Он назвал самого себя «дитя», зная, что особенно растрогает отца этим прозвищем, сохранившимся от более ранней поры. Он продолжал:
Иосиф начал играть словами, в чем всегда находил удовольствие, но сейчас он хотел этим, точно так же как и предшествовавшей похвальбой, рассеять отца. Имя его своим звучанием напоминало слово «сефер», книга, письменная принадлежность, — к неизменному его удовлетворению, ибо, в отличие от всех своих братьев, ни один из которых писать не умел, Иосиф любил это занятие и был в нем настолько искусен, что вполне мог бы служить писцом в таких местах скопления документов, как Кириаф-Сефер или Гевал, если бы можно было представить себе, что Иаков одобрит подобную деятельность.

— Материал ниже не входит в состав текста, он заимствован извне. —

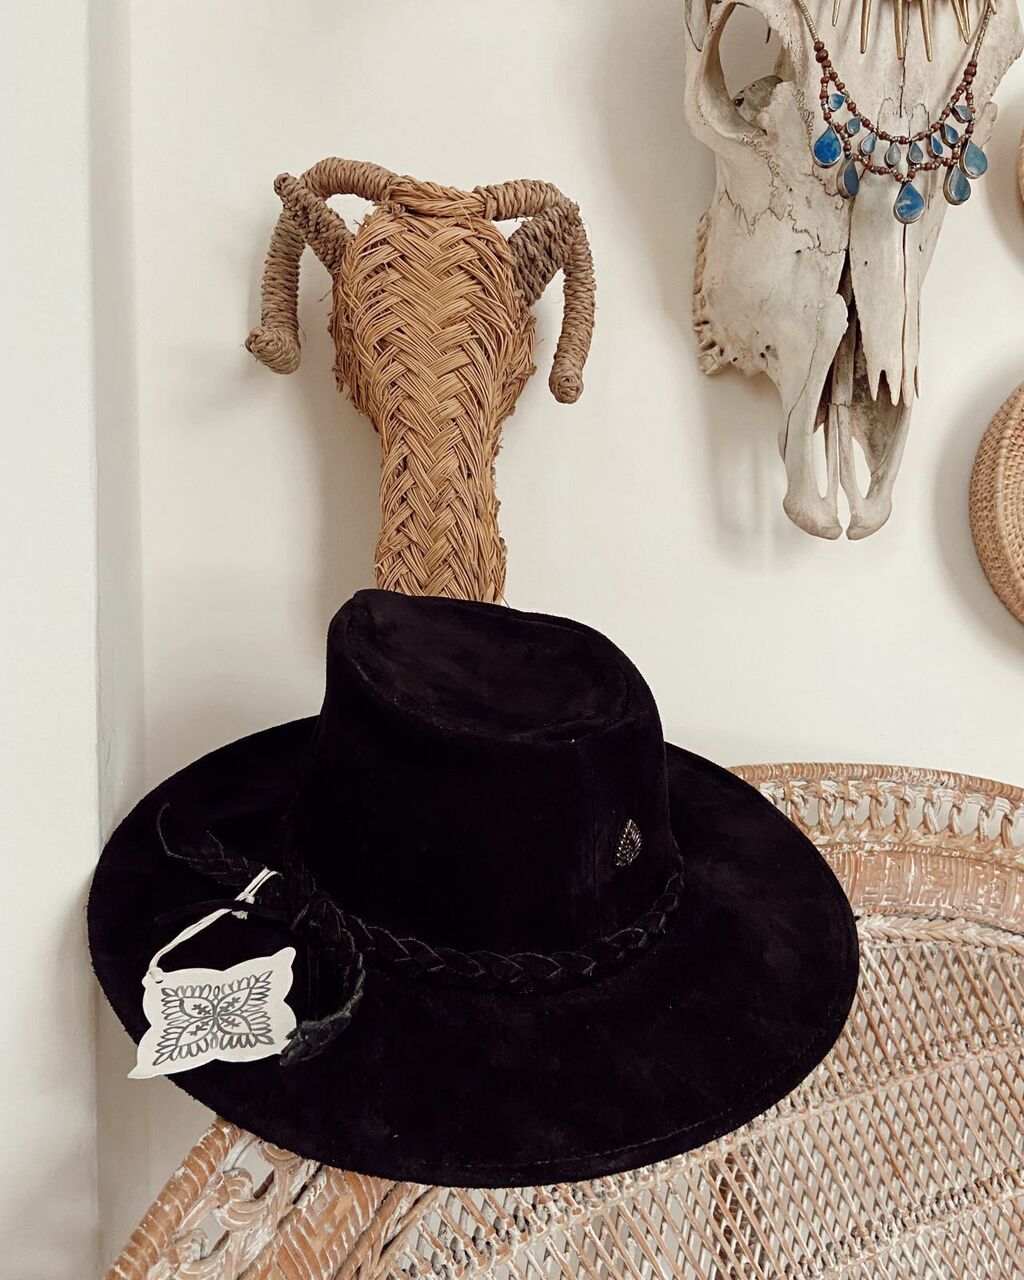 Sombrero Cowboy Coquita - Comprar en joaquinagurruchaga

Действительно, Иаков не слушал, он «задумался». Это была на редкость выразительная задумчивость, воплощенье задумчивости, задумчивость, так сказать, образцовая, высшая степень патетически-сосредоточенной отрешенности, — тут уж он ничего не слышал; если уж он задумался, то это должна была быть настоящая, видная и за сто шагов, великолепная, могучая задумчивость, чтобы каждому было ясно, что Иаков погрузился в раздумье, больше того, чтобы каждый только сейчас вообще узнал, что такое подлинная задумчивость, и благоговел перед этим состояньем и этой картиной: старик, обеими руками опершийся на высокий посох, склоненная к плечу голова, полные сокровенно-мечтательной грусти губы в серебряной бороде, карие, старческие, упорно роющиеся в глубинах воспоминаний и мыслей глаза, их глухой, обращенный внутрь взгляд снизу вверх, почти теряющийся в нависших бровях… Людям чувства свойственна внешняя выразительность, ибо она вытекает из тщеславия чувства, которое откровенно и без стесненья о себе заявляет; выразительность — это порожденье большой и нежной души, где Слабость и смелость, бесстыдство и благородство, естественность и нарочитость сплавляются в актерство высшей марки, которое внушает людям благоговенье, хотя и слегка веселит их. Иакову была очень свойственна внешняя выразительность — к радости Иосифа, любившего взволнованную эту приподнятость и ею гордившегося, но к испугу и страху всех других, кто сталкивался с ним в жизни, и особенно остальных его сыновей, которые при размолвках с отцом ничего так не боялись, как именно этой выразительности. Так было с Рувимом, когда ему пришлось держать ответ перед стариком по поводу истории с Валлой. И хотя страх и благоговение перед выспренней выразительностью были тогда глубже и безотчетней, чем у нас, обыкновенный человек, которому грозили такие эффекты, и тогда проникался тем обывательским защитным чувством, которое мы выразили бы словами: «Бог ты мой, это не доведет до добра!»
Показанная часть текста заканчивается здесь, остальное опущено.